**STORED DATA:**
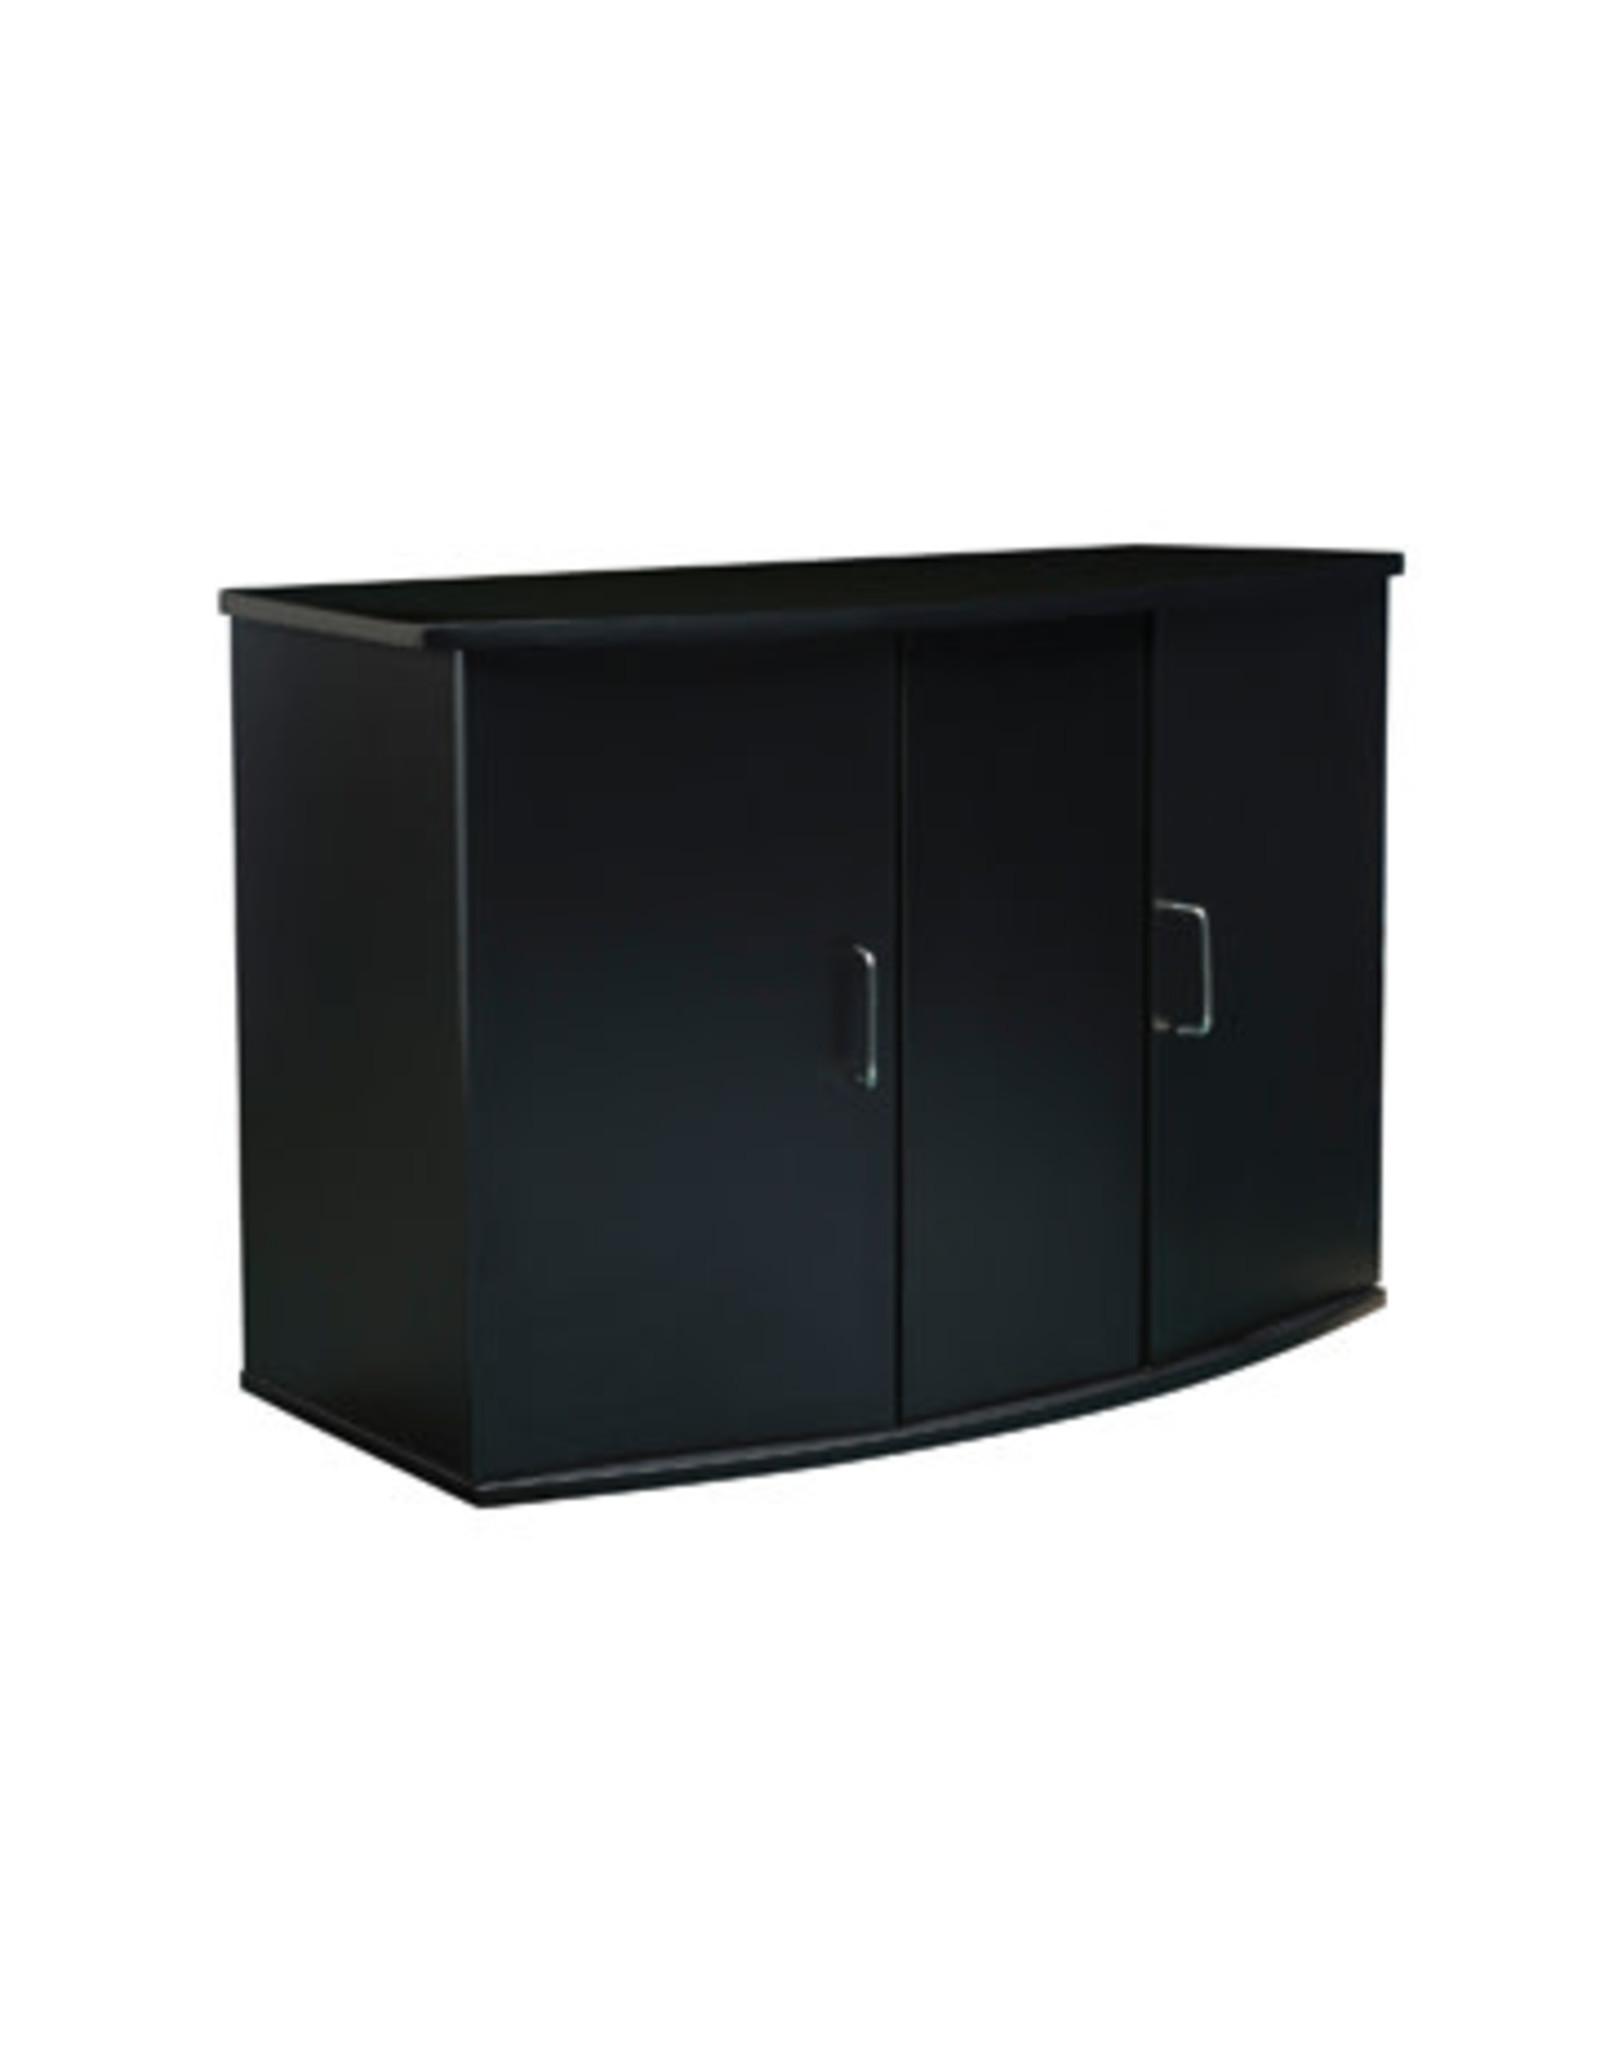 "Fluval Fluval Bow Front Aquarium Cabinet - 45 Bow - 37"" x 16.5"" x 26"" (94 cm x 42 cm x 66 cm) - Black"
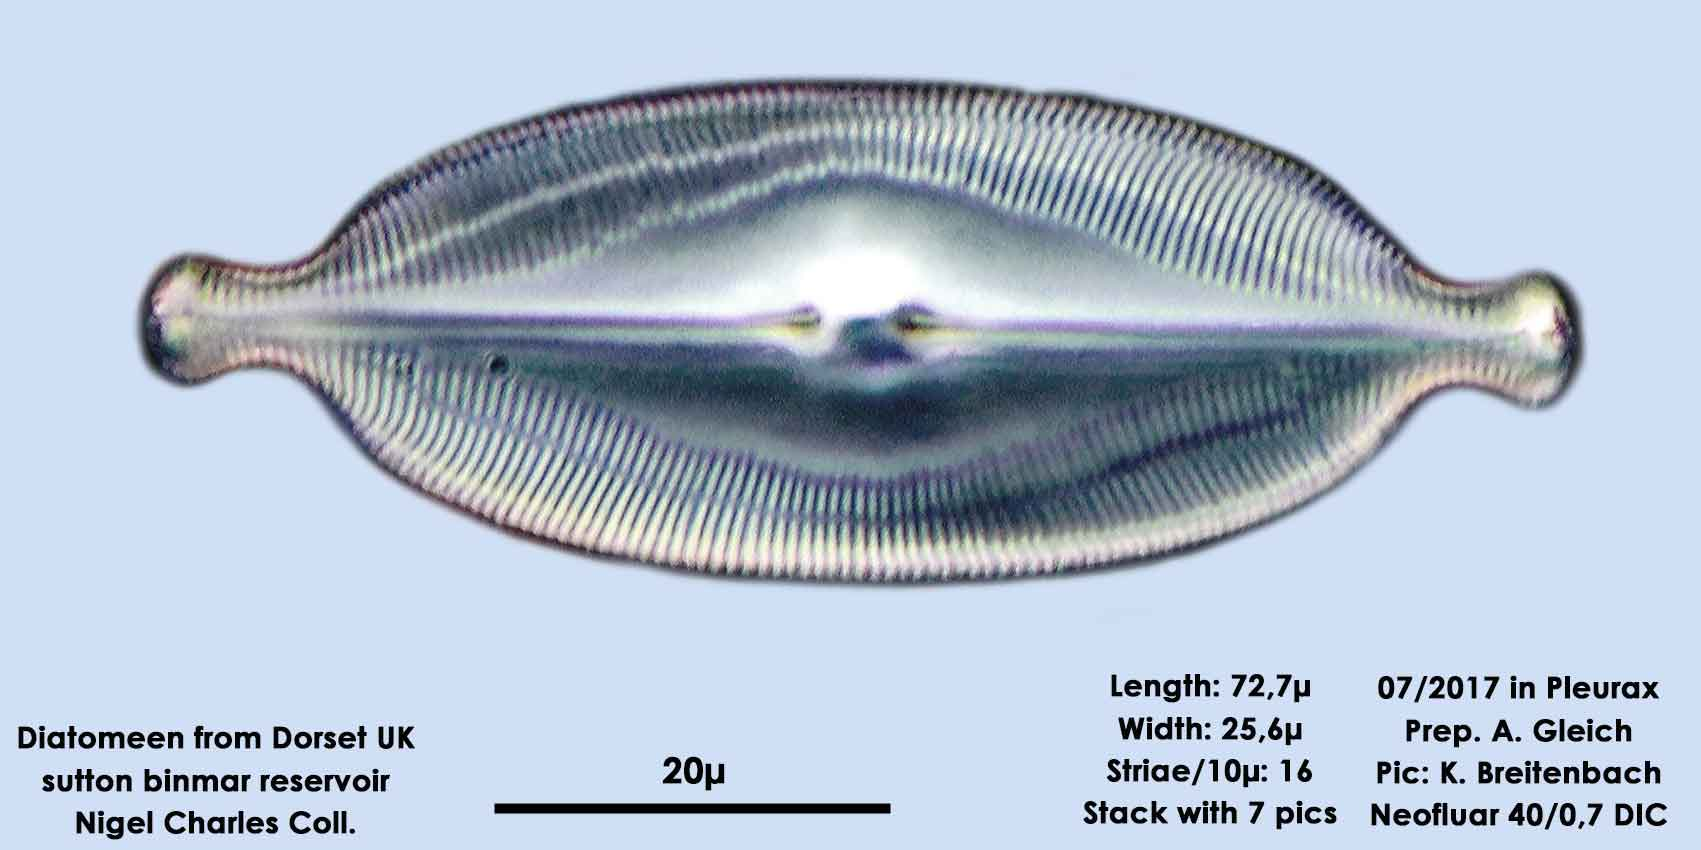 Bild 2 Diatomeen aus Dorset UK, Süßwasser. Art: Caloneis amphisbaena (Bory) Cleve 1894
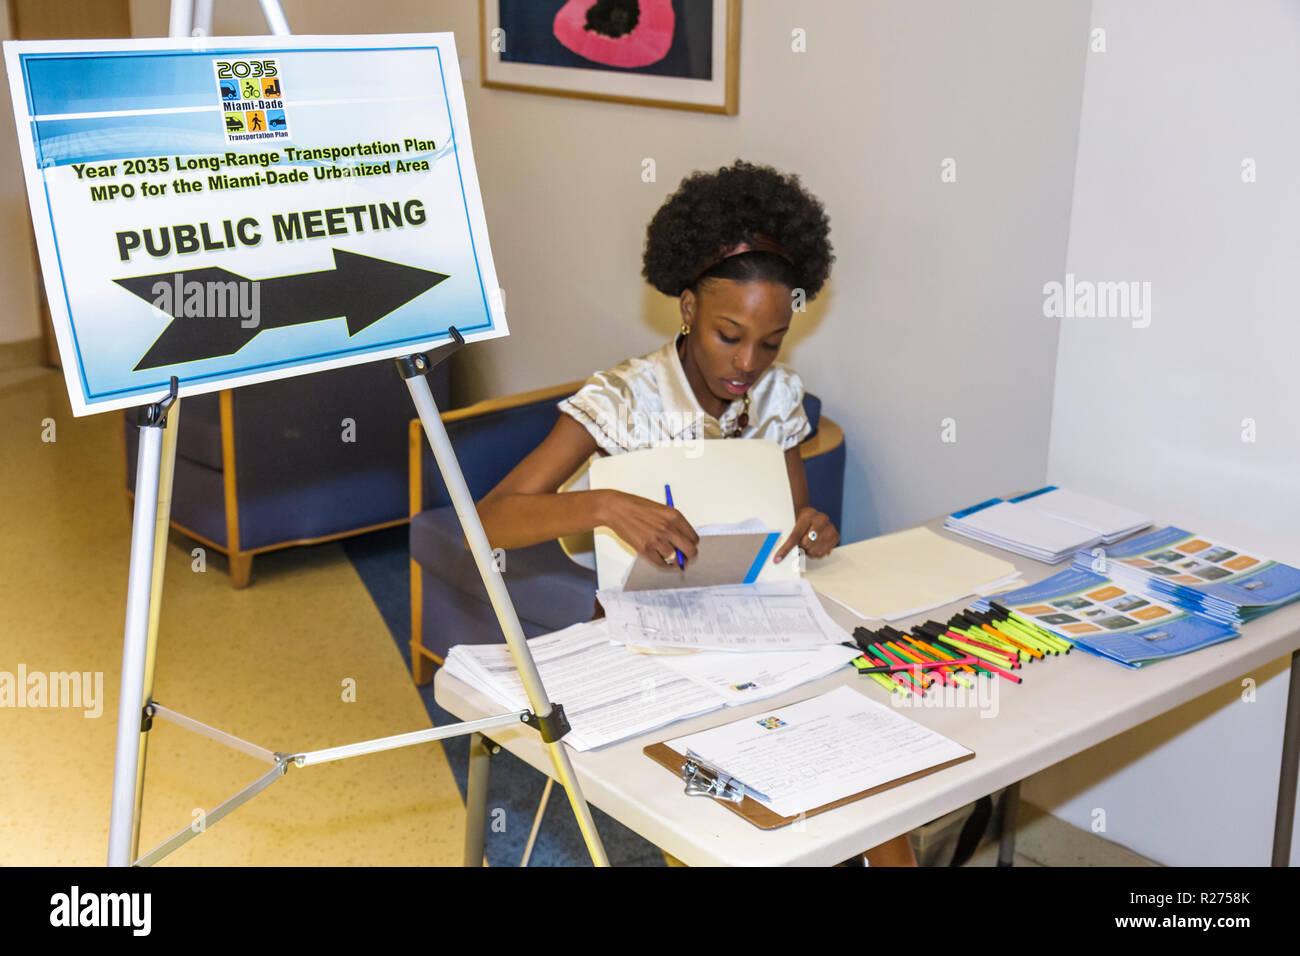 Miami Beach Miami Florida Beach Regional Library Long Range Transportation Plan public meeting survey decision opinion input pol - Stock Image
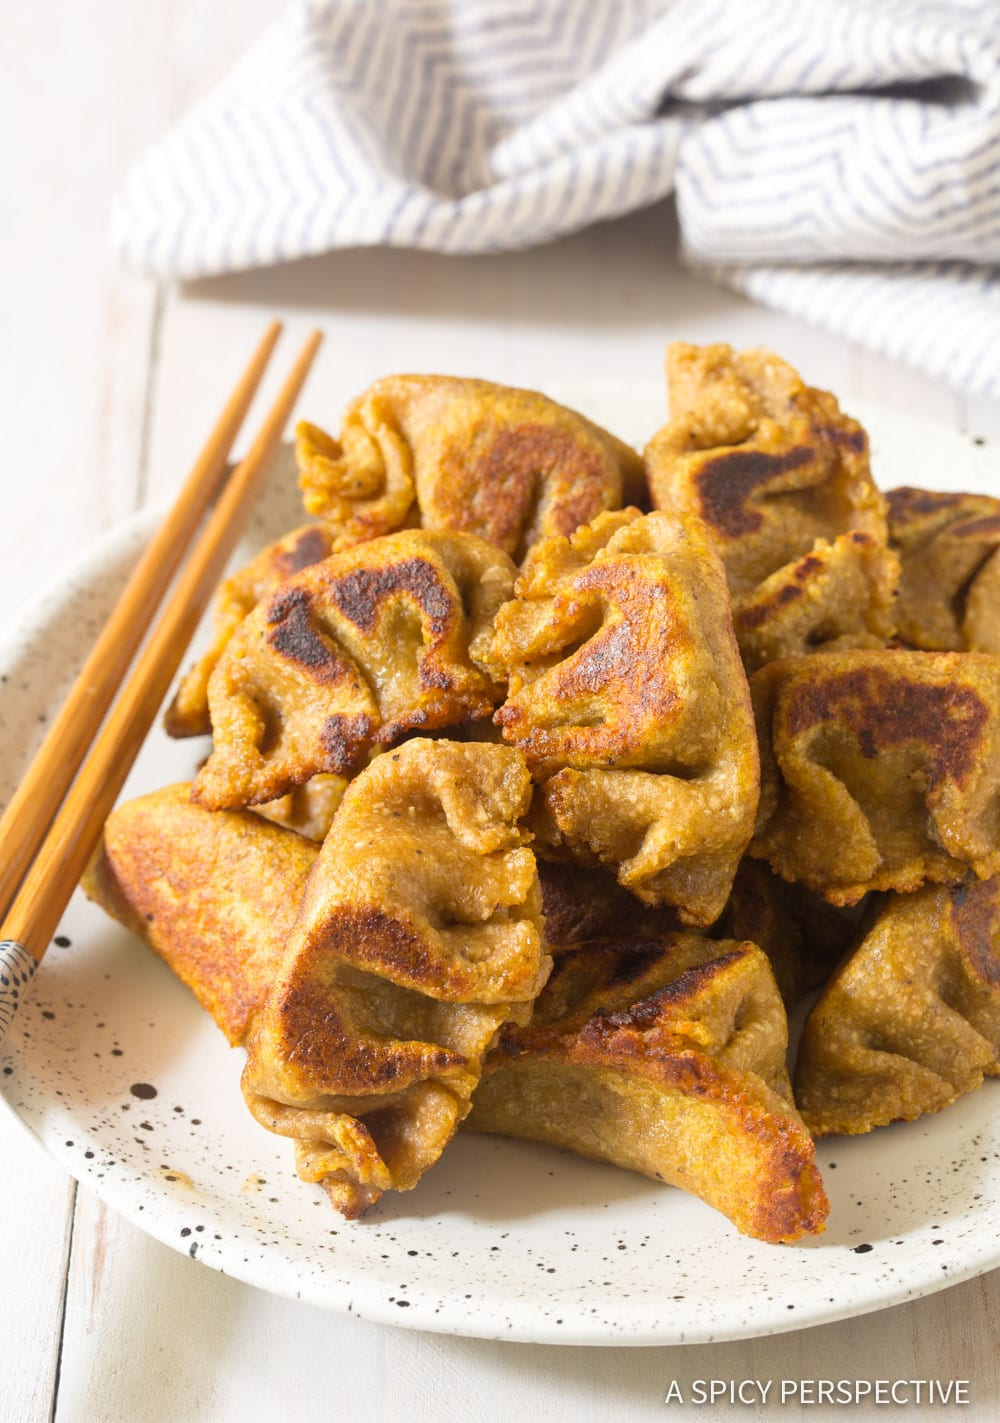 Best Paleo Chinese Dumplings Recipe (Potstickers) #ASpicyPerspective #grainfree #dairyfree

**WHAT THE TASK REQUIRES:**
Each line from the one containing "Bild 2 Diatomeen" through the last line of the listing is to be given again exactly, with no pictures and no other lines.

**TASK RESULT:**
 Bild 2 Diatomeen aus Dorset UK, Süßwasser. Art: Caloneis amphisbaena (Bory) Cleve 1894
 Miami Beach Miami Florida Beach Regional Library Long Range Transportation Plan public meeting survey decision opinion input pol - Stock Image
 Best Paleo Chinese Dumplings Recipe (Potstickers) #ASpicyPerspective #grainfree #dairyfree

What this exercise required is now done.